Once the patient slides towards me on the bench, 
"Avanse. Avanse."  
"Papye, Souplé. (Paper, Please)"  
I skim it. "Li gen lafyèv? depi ki lè?"  
The mother looks at my translator Max, clearly I have a horrible accent.  Max says "Li gen lafyèv? depi ki lè? (She has a fever?  For how long?)"
  "Depi twa jou. (3 days). Epi li gen grip la. (and she has the flu (runny, stuffy nose)" 
Me again "Eske li gen yon vant fè mal? (does she have a belly ache?)" 
"Wi, li gen vant fè mal. (yes she has a belly ache) e li gen vè. (and she has worms.)"  
"li te gen vè nan twalèt li? (She had worms in her poop?)"
"Wi, e (several words I don't understand)" 
I look at Max.  "She said she is coughing up the worms, also."  
I examine the girl, telling her what I want her to do: "zòrèy,lòt zòrèy (ear, other ear), louvri bouch ou (open your mouth), respire, anko, anko, anko (breathe, again, again, again)"  She has an ear infection, I prescribe an antibiotic, worm medicine, Advil for pain and fever, and chewable vitamins.  Always vitamins. Even in this village, which looks relatively well-fed compared to where I have been. I write it on the paper.
"pote papye a nan famasi a. (take the paper to the pharmacy.)"

"Avanse. Avanse."  
"Papye, Souplé."....
As always, there are a couple that throw me.  One is a two-year-old who looks healthy, although her face doesn't look quite right, not quite normal, and she is the size of a six-month-old, and she can't walk yet....and she has a whopping heart murmur.  Imagine someone with a lot of saliva in their throat, making a hissing sound, 60 times a minute.  That is what her heart sounds like. I ask her mom if she has been hospitalized.  Through the interpreter, I get that she was in Port-au-Prince hospital for a month after being born because mother had been thrashing so much in labor that she fell out of bed, and when she did that, she hit the baby's heart and made it not work well.  They did an x-ray, but is was normal.  I ask about an echocardiogram, then have to describe it through the interpreter, and it doesn't sound like one was done, but the doctor assured her that the heart would heal.
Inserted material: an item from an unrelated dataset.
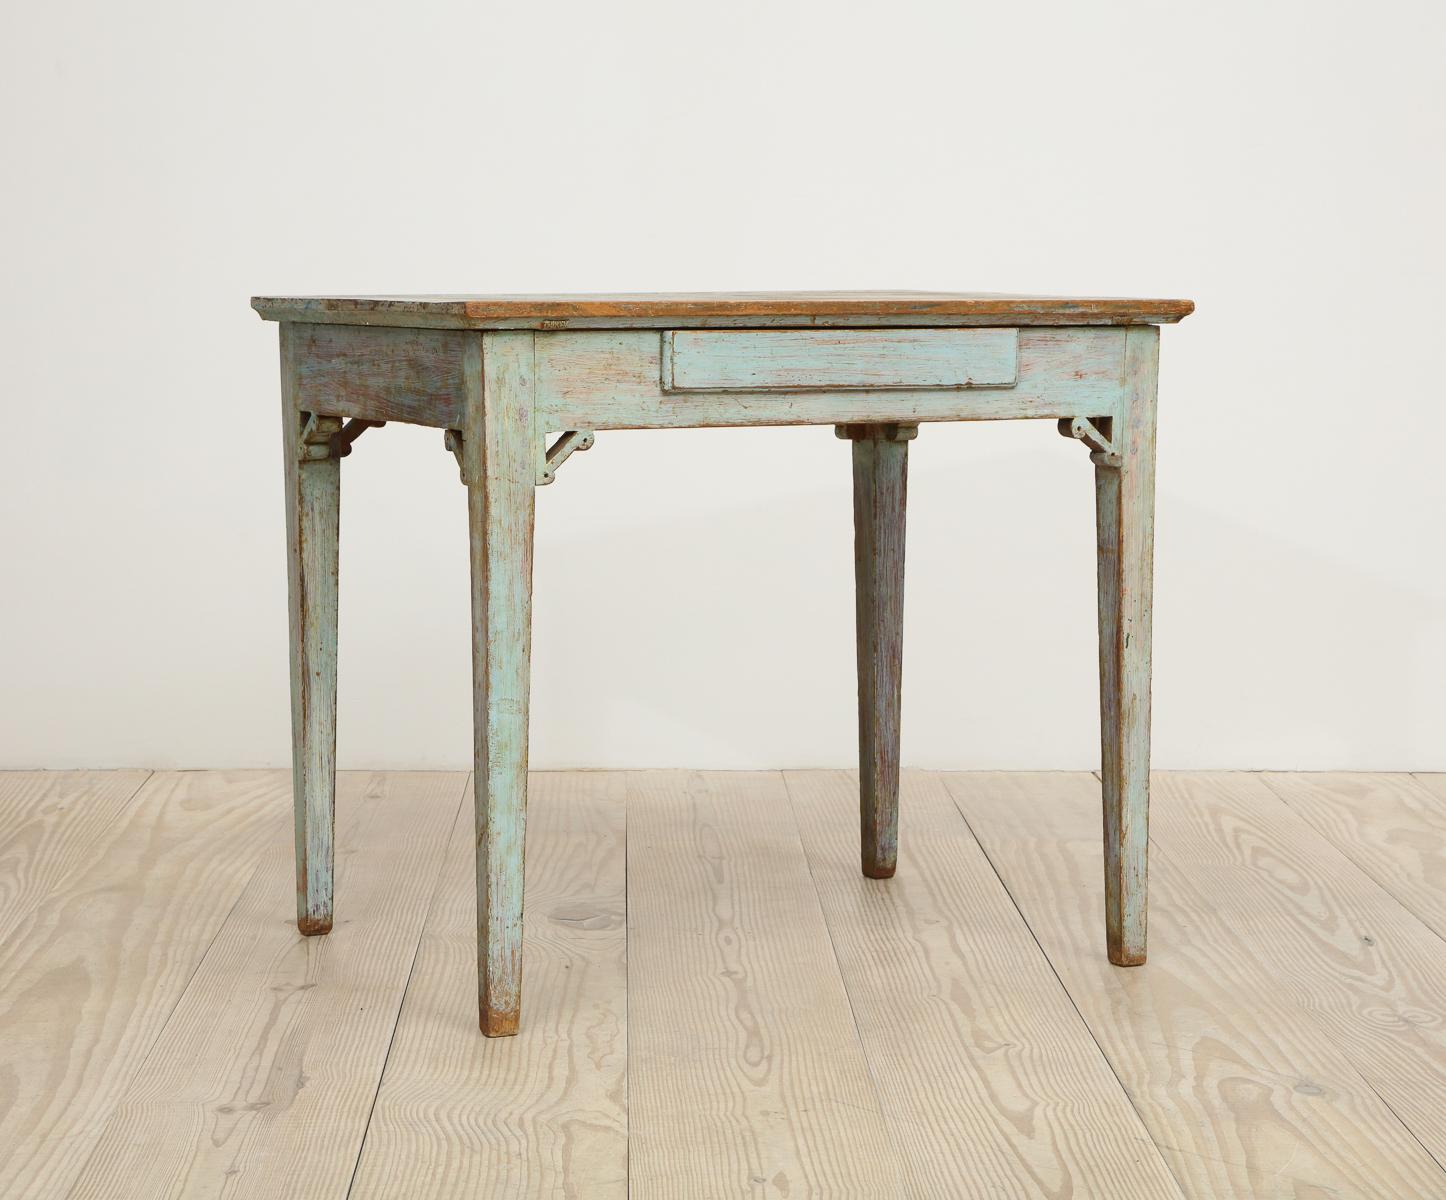 Gustavian 18th Century Table with Faux Marble-Top Center Drawer, Origin: Sweden 1

I don't know how to put together her story, and I don't know exactly what she was told, but this baby has a heart malformation and probably a genetic syndrome.  She certainly didn't injure the heart with her thrashing,  I don't know the next time Dr. Serge Geffrard, the pediatric cardiologist, with Project Haiti Heart, will be down seeing patients at HCM, but I take her name and information so that we can hook them up, giving the mother all kinds of precautions that I pray she will remember. and some vitamins, and some worms medicine.

"Avanse. Avanse."  
"Papye, Souplé."....
At some point after three, the bus must have unloaded more children.  At about 4, a 12 month old, who is not wearing a diaper, empties his bladder on my shirt and scrub bottoms.  This is not altogether unheard of in my everyday life, but I usually have some way to clean up and a fresh set of scrubs on stand-by.  I have neither today, and 25 patients still lined up to see me.  I keep going.  I see the kids with colds.  The teens there for entertainment.  I see them all, happy both that I am busy, and that they are not particularly ill. Everyone gets their meds.  Everyone gets their vitamins, their worm medicine.
And mumps...Did I mention I saw a boy with mumps?